Eltern, die darum kämpfen müssen, dass ihr behindertes Kind eine Regelschule besuchen kann und nicht die vorgeschlagene Förderschule. Zermürbende bürokratischen Wege, wenn es um die Bewilligung von Hilfsmitteln oder einer Assistenz geht. Durch die Coronapandemie werden Menschen mit Behinderungen einmal mehr an den Rand gedrängt.

"Ich bin eine Diagnose"

„Wo will der Rollstuhl raus?“, eine Frage, die Judyta Smykowski in ihrem Alltag nur allzu oft hört. „Ich bin eine Diagnose, eine Behinderung. Bei Frauen mit Behinderung ist es noch heftiger. Sie werden nicht als Frauen gesehen“, so Smykowski, die als Redakteurin und Referentin beim den Projekten Leidmedien und Die Neue Norm des Vereins Sozialhelden arbeitet. Dort setzt sie sich für eine klischeefreie Berichterstattung über Menschen mit Behinderung ein.
Knapp zehn Prozent hätten in Deutschland eine schwere Behinderung. „Aber das spiegeln die meisten Bekanntenkreise gar nicht. Menschen ohne Behinderung haben einfach wenig Kontakt zu Menschen mit Behinderung.“ Auch in der Arbeitswelt. Ihr geht es darum, das Thema Behinderung in einen neuen Kontext zu setzen: „Raus aus der Charity- und Wohlfahrtsecke, rein in die Mitte der Gesellschaft.“

„Die Nicht-Sichtbarkeit ist das Problem“

„Von einer echten Teilhabe behinderter Menschen in allen Lebensbereichen sind wir in der Europäischen Union weit entfernt“, sagt Katrin Langensiepen. Sie ist seit 2019 Abgeordnete im Europaparlament für die Fraktion Die Grünen/EFA. „Weniger als 50 Prozent der Menschen mit Behinderungen haben Arbeit, 29 Prozent leben in Armut und erfahren soziale Ausgrenzung. Frauen mit Behinderungen sind fünf Mal häufiger von Gewalt betroffen als Frauen ohne Behinderung.“
Katrin Langensiepen hat das TAR-Syndrom. Bei dieser Erbkrankheit fehlen die Speichen in den Unterarmen, sie sind dadurch verkürzt. Ihre Erfahrung: „Die Nichtsichtbarkeit ist das Problem. Im Kindergarten, in der Schule sind behinderte Kinder noch sichtbar, dann tauchen sie nicht mehr auf. Dann hast du sie nicht mehr in den Berufsschulen, sie sind in einer Werkstatt und damit in einer Sonderwelt, wo sie keinen Arbeitnehmerstatus haben und nur unter sich arbeiten.
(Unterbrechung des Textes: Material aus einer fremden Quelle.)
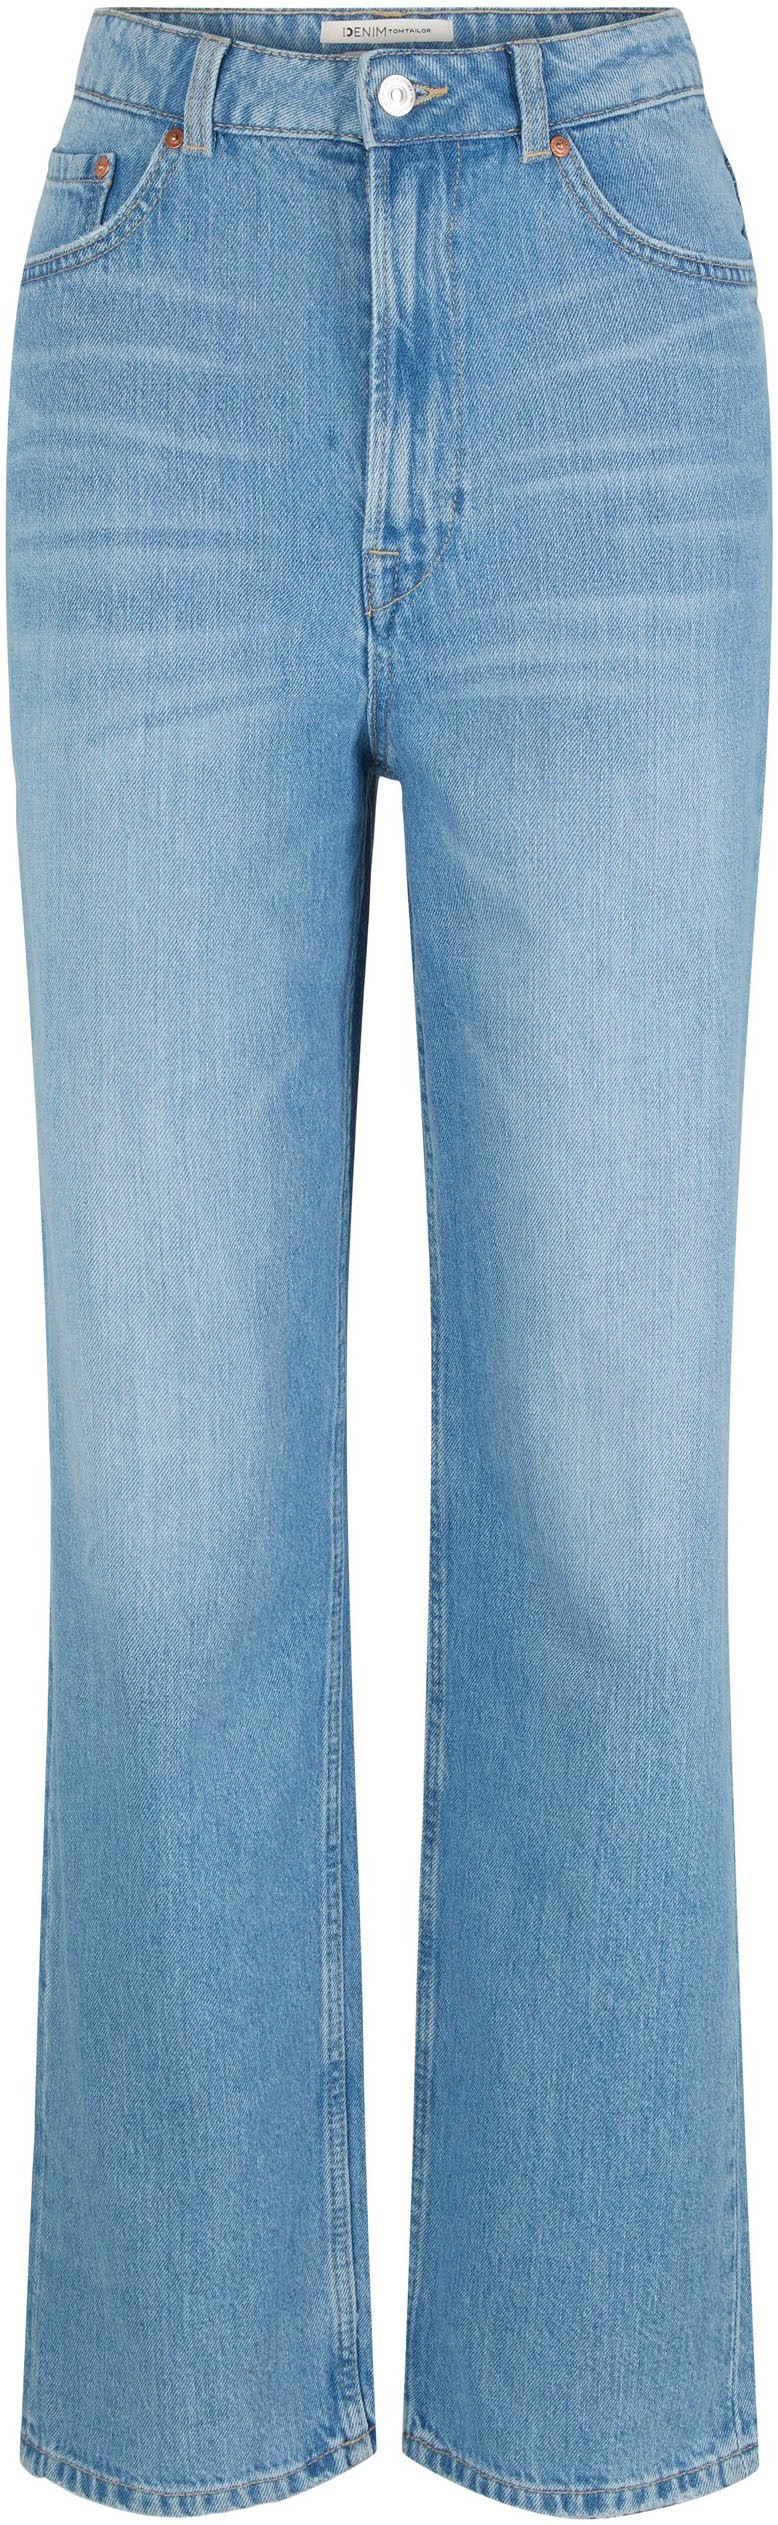 TOM TAILOR Denim 5-Pocket-Jeans OTTO bestellen bei

Das ist ein gesellschaftliches und politisches Problem. Es ist ein Verstoß gegen Menschenrechte – speziell gegen die UN-Behindertenrechtskonvention, zu der sich die EU-Mitgliedstaaten vor über zehn Jahren verpflichteten.“

Leben mit Behinderungen – Wie weit sind wir mit Inklusion und Barrierefreiheit?
Darüber diskutiert Vladimir Balzer von 9:05 bis 11 Uhr mit der EU-Abgeordneten Katrin Langensiepen und mit Judyta Smykowski vom Verein Sozialhelden. Hörerinnen und Hörer können sich beteiligen unter der Telefonnummer 0800 2254 2254 sowie per E-Mail unter gespraech@deutschlandfunkkultur.de.

(sus)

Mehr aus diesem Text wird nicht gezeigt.